I've implemented a very basic safetensors loader at safetensors.hpp. This implementation isn't very efficient for very large models, but it's sufficient for our purposes right now, and is easy to understand.
Let's modify the load_weights()
function. First we'll remove the hardcoded weights. Next, we'll call safetensors::load_from_file()

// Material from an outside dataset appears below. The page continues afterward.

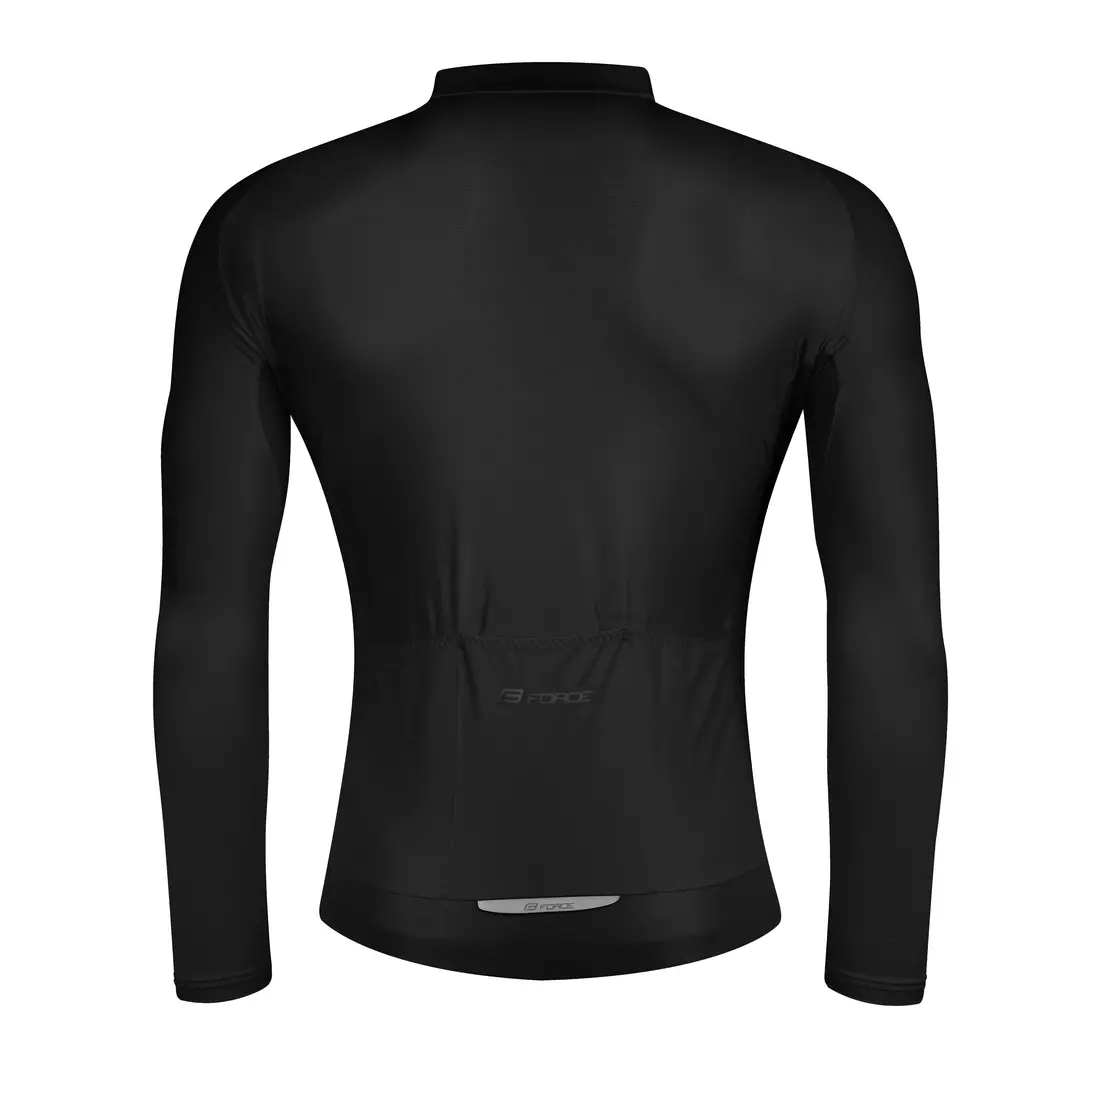 FORCE PURE Cyklistická košile s dlouhým rukávem, černá

and assign the tensor data to the corresponding ggml_tensor
in the callback function.
std::unordered_map<std::string, struct ggml_tensor*> tensor_map;
...
// names of the parameters as written by the training code
tensor_map["fc1.weight"] = fc1_weight;
tensor_map["fc1.bias"] = fc1_bias;
tensor_map["fc2.weight"] = fc2_weight;
tensor_map["fc2.bias"] = fc2_bias;
...
auto tensors = tensor_map;
safetensors::load_from_file("model.sft", [&tensors](const std::string& key, const std::string& dtype, const std::vector<uint64_t>& shape, const std::vector<uint8_t>& tensor_data) {
std::cout<<"Read tensor: "<<key<<", size: "<<tensor_data.size()<<" bytes"<<std::endl;
auto it = tensors.find(key);
if (it != tensors.end()) {
ggml_tensor* tensor = it->second;
ggml_backend_tensor_set(tensor, tensor_data.data(), 0, ggml_nbytes(tensor));
} else {
std::cout<<"Unknown key: "<<key<<std::endl;
}
});
A complete working example for this is at logic_gate_with_weights_file.cpp. It also tells you how to compile (at the top).